What Kubernetes is and why it exists

  • Kubernetes automates the management and scaling of applications that run as swarms of containers.
    • It automatically scales resources (networking, storage, compute) based on demand, up to limits you define, without manual intervention.
    • This is especially valuable for keeping costs down while maintaining high availability.
  • It exists because the rise of microservices architecture made manual cluster management extremely difficult and error-prone.
    • Before Kubernetes, teams managed container clusters by hand — it was possible but painful.
    • Kubernetes is essentially an abstraction layer over work that used to be done manually, similar to how most computing advances since the 1950s have automated previously manual processes.
  • Containers are not virtual machines.
    • Containers virtualize the operating system and applications; VMs virtualize hardware and are much larger and heavier.
    • Containers are lightweight, easily shareable (via Dockerfiles and registries), and more configurable, which is why microservices became practical.
    • Kubernetes can run inside a VM, but containers themselves are a lighter form of virtualization.

Origins: from Google’s Borg to open source

  • Kubernetes originated from Borg, an internal Google tool for managing clusters of microservices (the name is a Star Trek reference).
    • Borg is still used internally at Google today.
    • Google engineers recognized the broader need and decided to open-source the concept.
  • Kubernetes was donated to the Cloud Native Computing Foundation (CNCF), a directed fund of the Linux Foundation, almost 11 years ago (July 2014), with the first commit by Joe Beda.
    • The name “Kubernetes” means “helmsman” in Greek; its logo has seven spokes (a nod to Seven of Nine from Star Trek, referencing Borg).
  • Before Kubernetes, alternatives like Docker Swarm and Mesosphere existed, but the market clearly needed something better.
  • Google’s motivation for open-sourcing it wasn’t purely altruistic — it gave them enormous influence over the cloud-native ecosystem.
    • They still have employees on the CNCF governing board, the Linux Foundation governing board, and the Kubernetes steering committee.
    • However, governance rules cap any single company at two steering committee representatives, preventing any one vendor from taking control.

Why Kubernetes won

  • Initial hype came from the Google brand name and its association with Docker, which was already popular.
  • Sustained popularity is largely attributed to Kubernetes’ exceptional documentation.
    • Every user-facing change must be documented before it can be included in a release — this is enforced strictly.
    • The project uses Kubernetes Enhancement Proposals (KEPs), inspired by Python’s PEPs, which require documentation as a completion criterion.
    • Kat, who has a background in docs leadership, is blunt: developers hate writing docs, but the project prioritizes usability and sustainability over developer convenience.
  • Managed services like Google Kubernetes Engine (GKE) lowered the barrier to entry with high-quality tutorials and sandboxes.
  • Open-source advantages compound the documentation benefit: a small army of contributors continuously improves docs, and the transparency means no knowledge is locked as “tribal knowledge.”

The scale of the project

  • Kubernetes has a tiered contributor structure:
    • Users consume the tool.
    • Contributors write code, docs, or do project management work but have limited permissions — over 1,000 contributors per month.
    • Maintainers hold titles (SIG chairs, technical leads, sub-project leads) and have governance authority — roughly 150–200 people.
      • There are a couple dozen Special Interest Groups (SIGs), each with 2–3 chairs and 2–4 technical leads.
  • All SIG leaders function as project managers, even if the title isn’t used explicitly.
  • The contributor ladder is open: anyone can show up, open an issue or PR, and work their way up to maintainer status over time.

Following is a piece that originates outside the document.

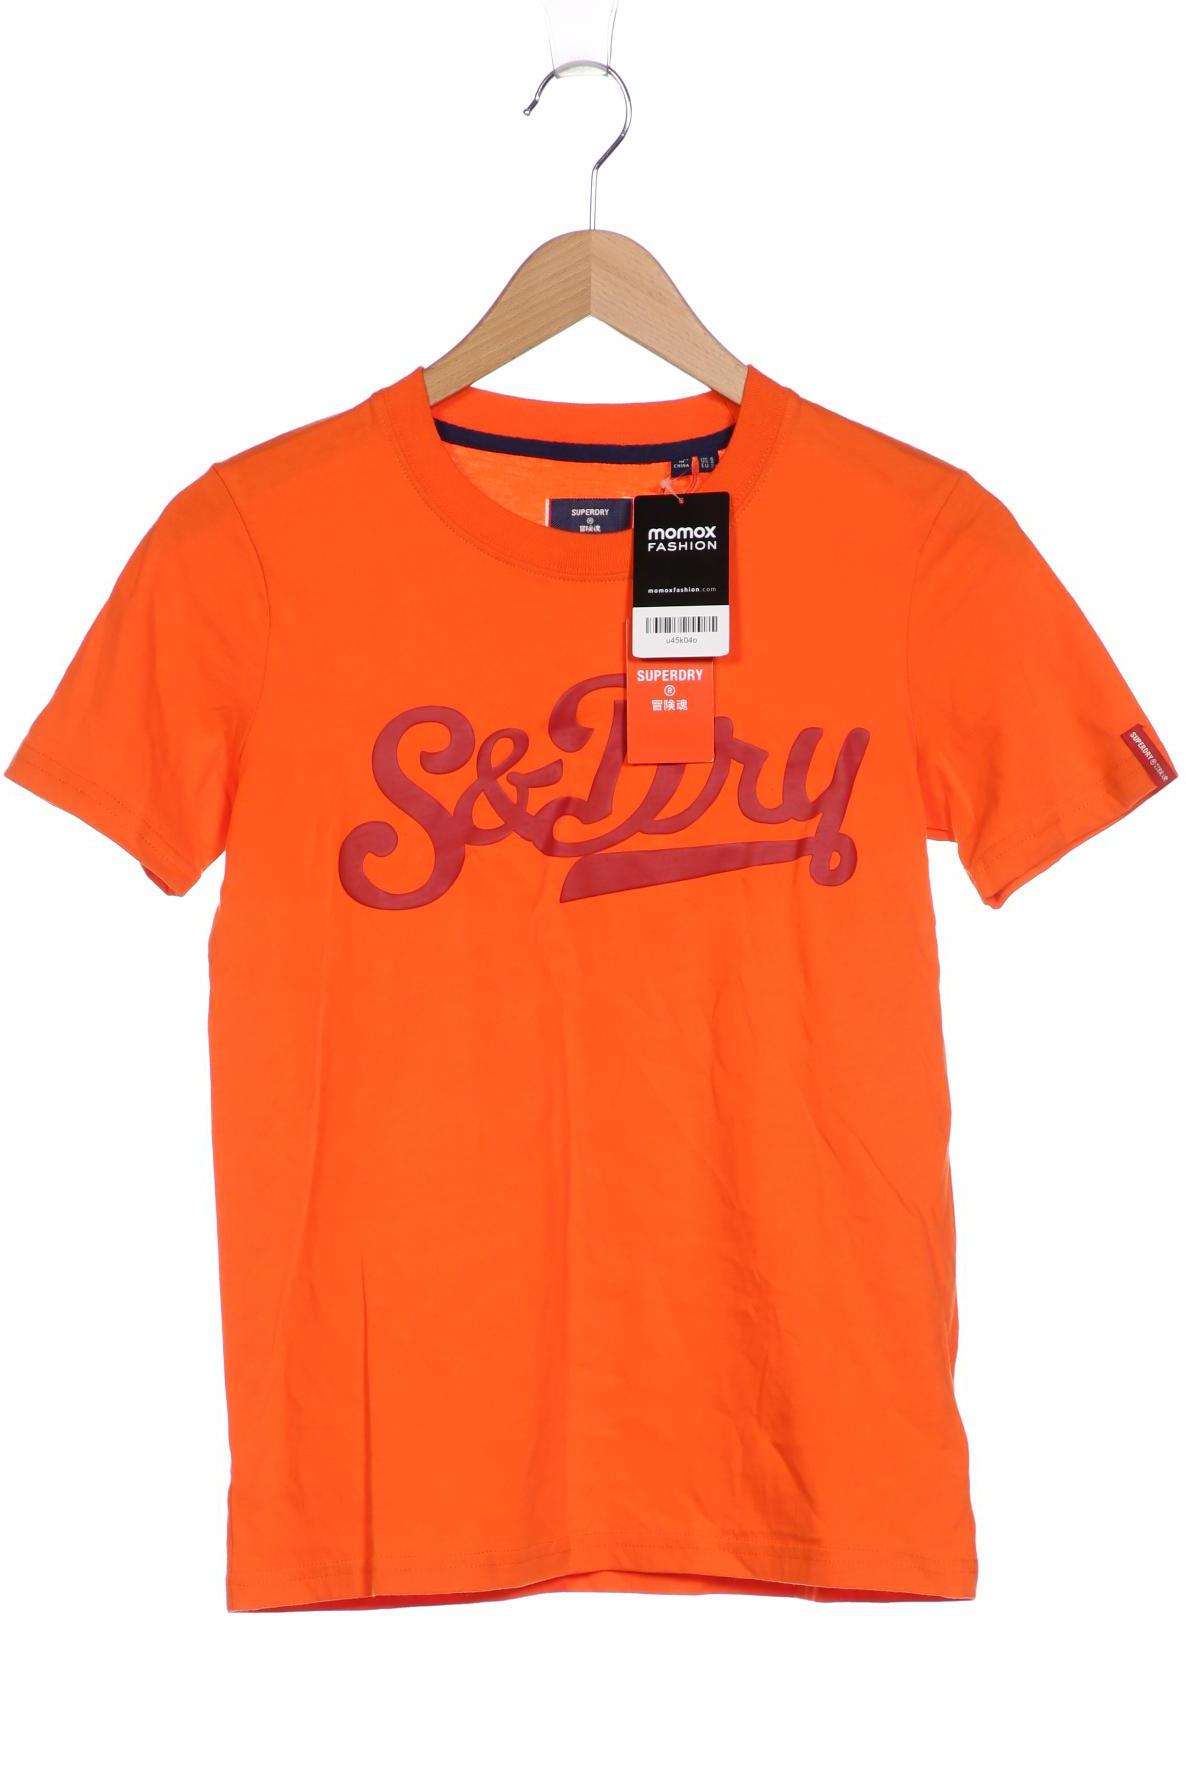 Superdry Damen T-Shirt, orange, Gr. 34 von Superdry

How the release team works

  • Kubernetes releases on a 12–16 week cycle (typically ~14 weeks).
  • The release team has two halves: the release team (managed by Kat) and release engineering (which cuts the actual releases).
  • The release team consists of several sub-teams and a release lead:
    • Communications: Manages feature blogs, coordinates with CNCF on release webinars, handles press embargoes and media interviews for the release lead.
    • Release Docs: Ensures every KEP with user-facing changes has documentation by the deadline — if docs aren’t ready, the PR gets reverted.
    • Enhancements: Tracks all KEPs through their requirements (code complete, tested, production readiness review, SIG lead opt-in).
    • Release Signal: Monitors CI signal boards, chases down bugs, and gives the go/no-go decision on whether a release can be cut.
  • Each cycle requires 20–30 people: 5 leads are selected, and the rest are “shadows” chosen through an open application process.
    • This rotating structure is unusual for open source and exists because the project is too large for a small fixed team without catastrophic burnout.
    • Even with rotation, the release team is described as a “burnout factory” due to the intensity of people management and conflicting priorities.

Anti-burnout policies

  • Kubernetes has unusually strong anti-burnout policies for an open source project:
    • After leading a release, you must take a cycle off before participating again.
    • The SIG release charter mandates that the release will be delayed before the team is asked to work nights or weekends.
    • Stepping back is fully supported and doesn’t affect your standing in the project.
    • Maintainers are expected to actively mentor their own replacements — part of the job is finding someone to take over.
  • These policies exist because of the XKCD comic problem: Kubernetes is critical infrastructure, and the project cannot afford to collapse because a single maintainer burns out.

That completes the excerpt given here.